In 2019, 169 samples have been collected on the players taking part in the finals by UEFA and collaborating National Anti-Doping Organisations (NADOs). A total of 84 of these samples were collected after a match, and 85 were collected at the training ground or at players' homes.
All samples were analysed at World Anti-Doping Agency (WADA) accredited laboratories, and all results were negative. In addition, UEFA doping control officers (DCOs) collected an extra 20 samples from players at team hotels following their arrival in Portugal.
The analysis will be completed within 48 hours to ensure that the results are known prior to the semi-finals, in which Portugal play Switzerland in Porto on Wednesday, and the Netherlands face England in Guimaraes on Thursday.
UEFA has signed collaboration agreements with the National Anti-Doping Organisations of all four finalist countries. The collaboration agreements enable UEFA and the NADOs to manage comprehensive Athlete Biological Passport (ABP) programmes on the players.
The ABP is used to monitor certain biological variables over time that would indicate the effect of doping substances on the body. The statistical tool uses data from each of the player's previous samples to give a personalised limit for any future samples.
Any sample that falls outside of the predicted individual limits may indicate doping, and requires further investigation.
Collaborating with NADOs on the ABP ensures that all samples collected on an athlete, regardless of the testing authority, go to the same passport. This means that the data is more comprehensive, the individual limits are more accurate, and there is less chance of a player cheating.

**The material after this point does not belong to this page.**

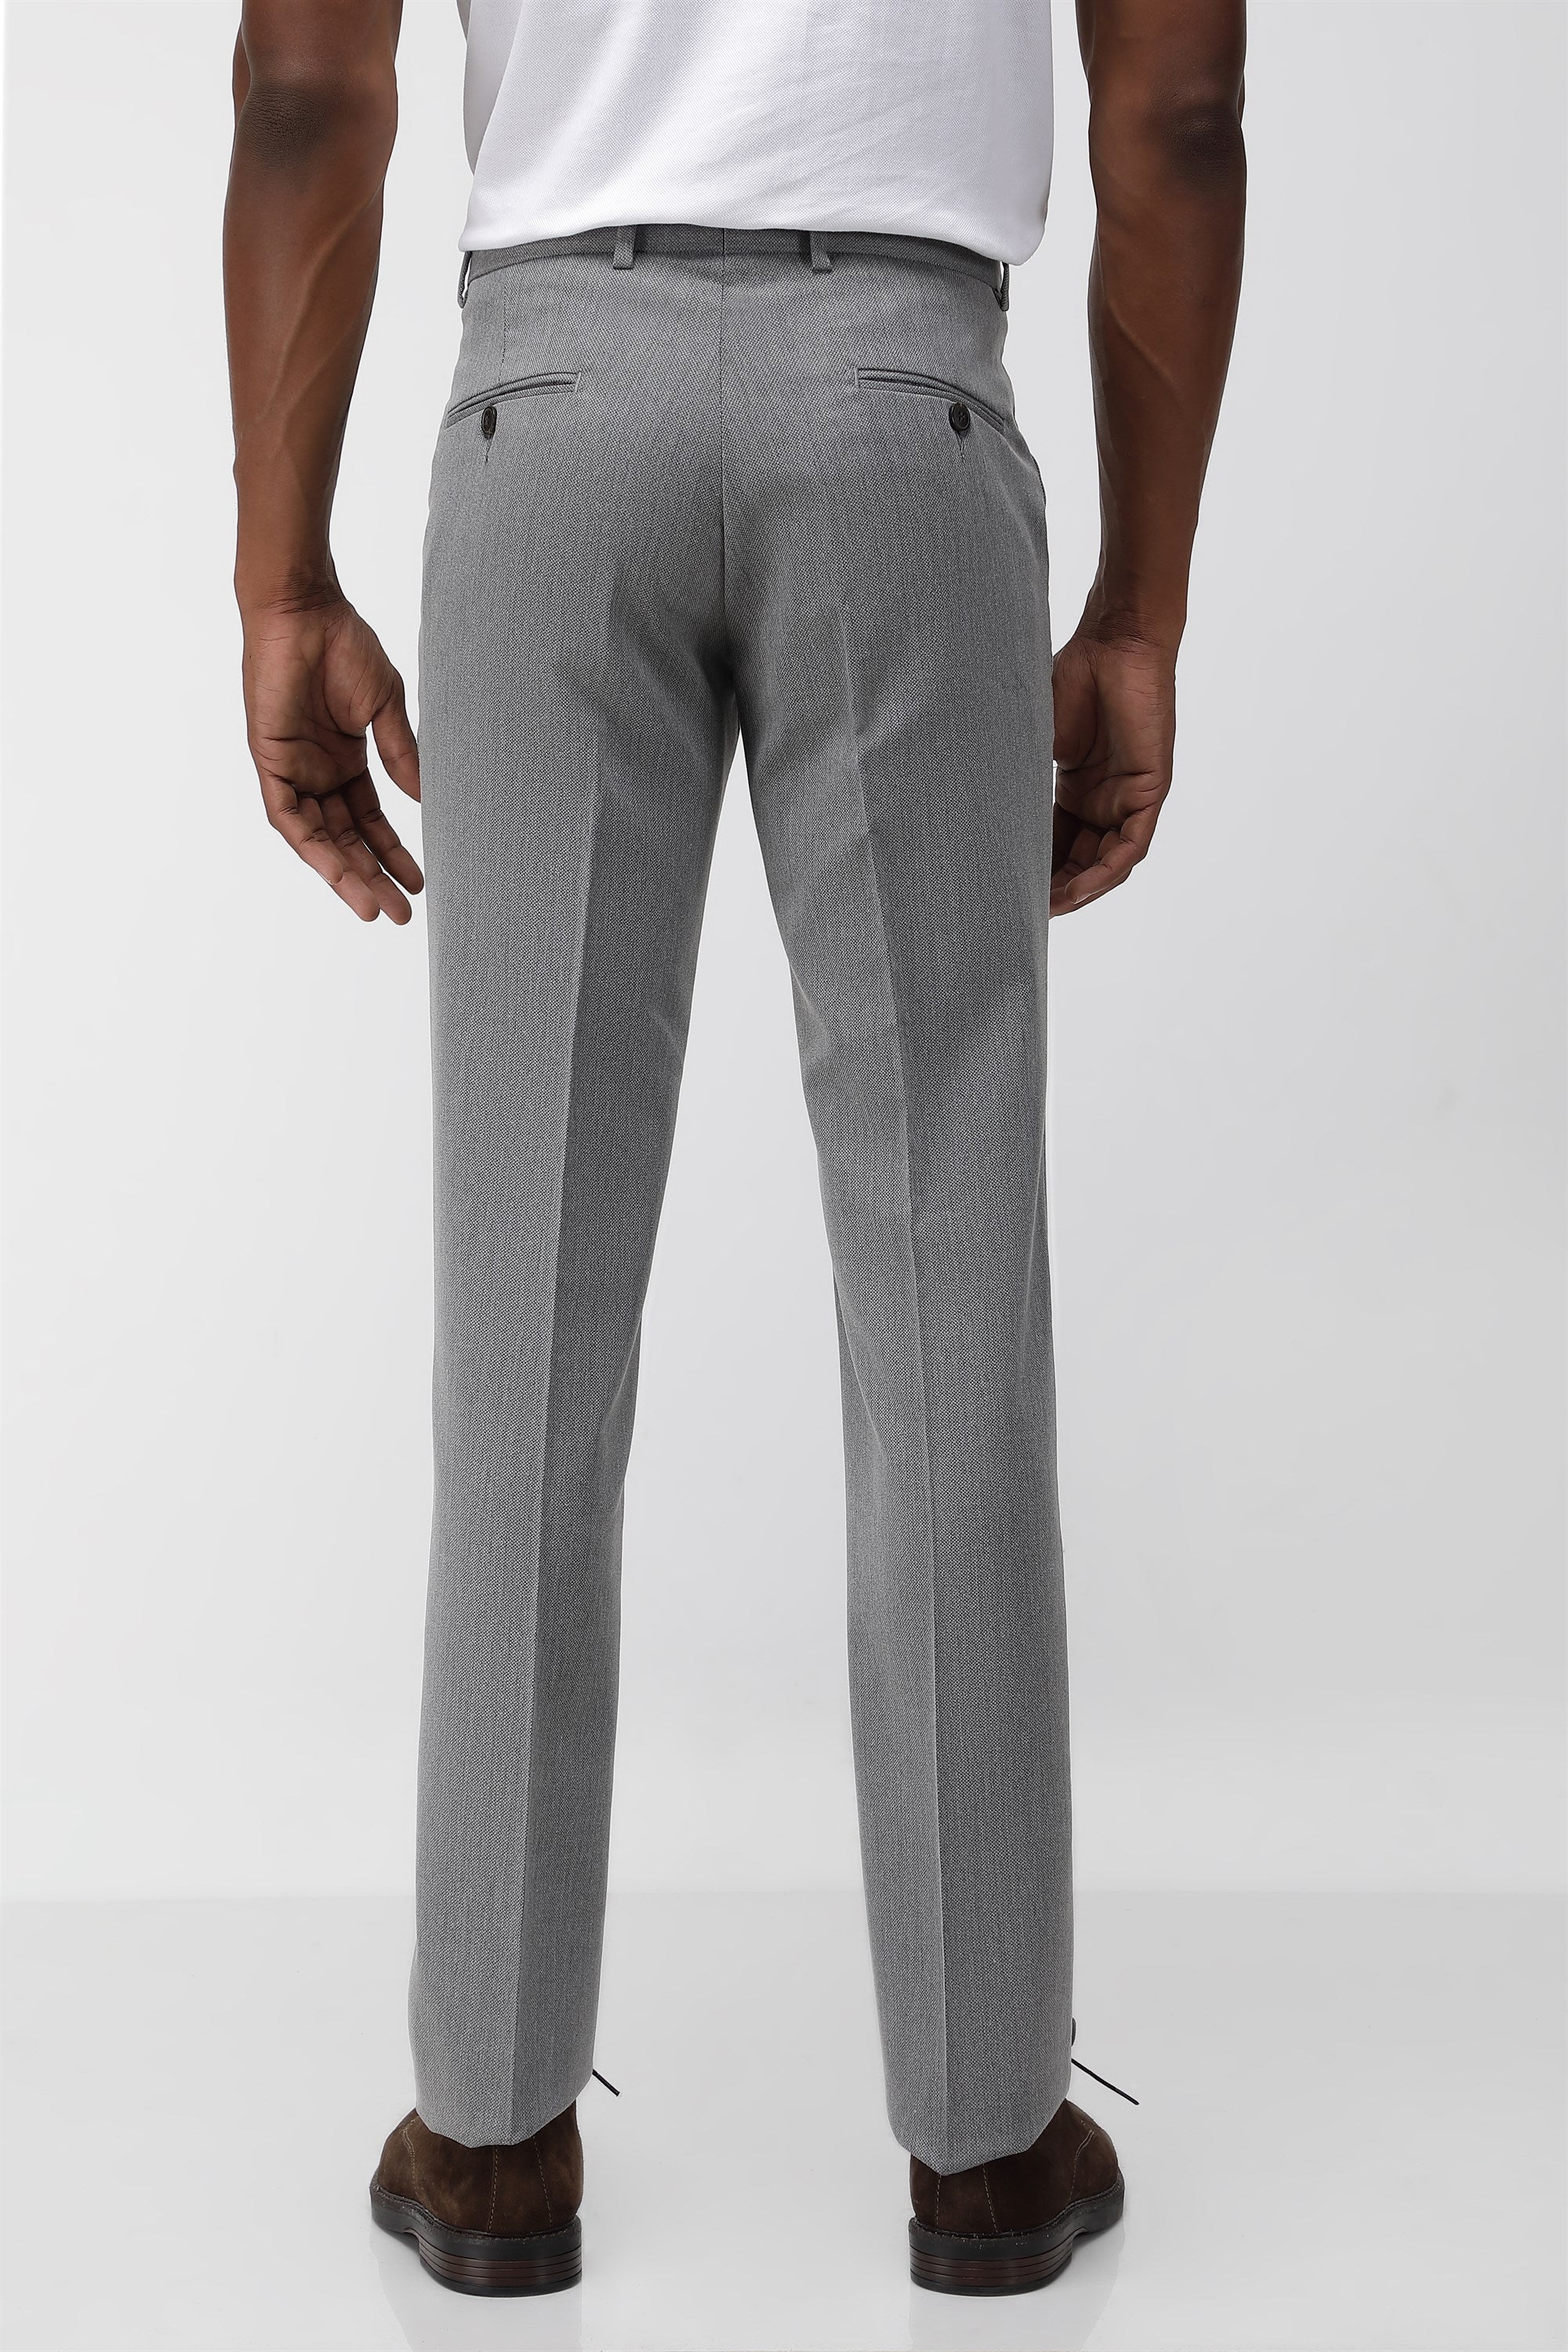 Men's Grey SUIT TROUSERS Plain Atelier Suits | Reiss USA
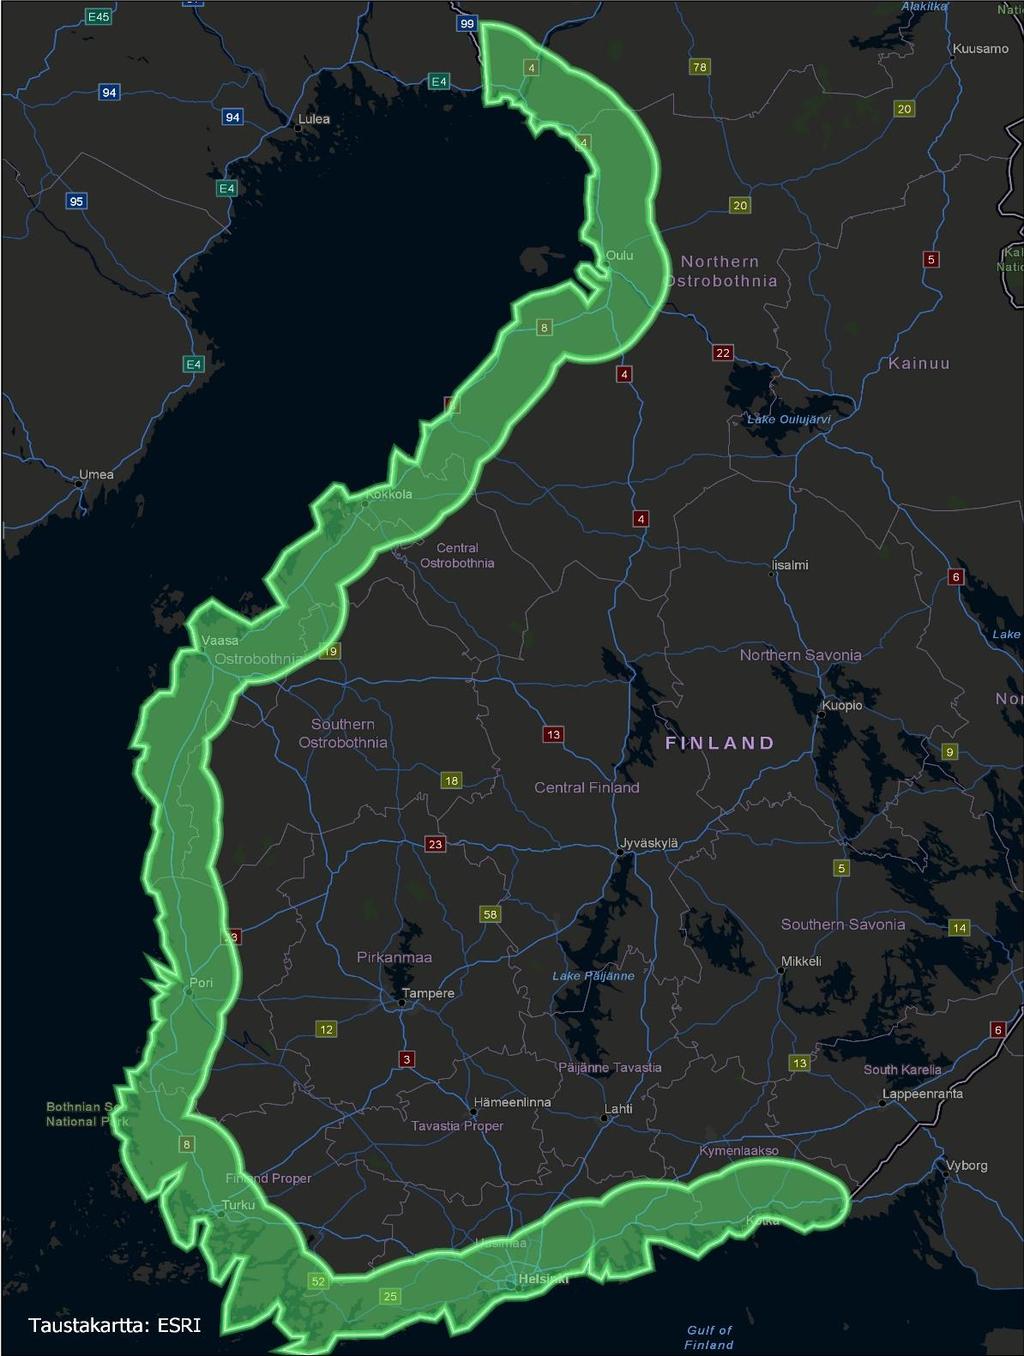 Tornio Oulu Vaasa Pori Turku Kokkola RANNIKKO-SUOMI 30 KM KÄYTÄVÄ KOTKASTA TORNIOON 12,8 % koko maan maapinta-alasta 42,8 % koko maan asukkaista 53,1 % koko maan työpaikoista Noin 60 %

The collaboration agreements have also been used to share whereabouts information and test plans on the players with the NADOs. Sharing whereabouts information means that teams can be tested at their training grounds without any advance notice. Sharing test plans ensures that a balanced, intelligence-led programme is conducted.
UEFA has a comprehensive sample storage programme, where all samples collected from players taking part in our top competitions are stored for up to ten years to allow future re-analysis.
Nineteen samples collected in 2015 on players from England, the Netherlands, Portugal and Switzerland have been re-analysed, using the most advanced scientific methods to check that all samples were clean before the start of the tournament.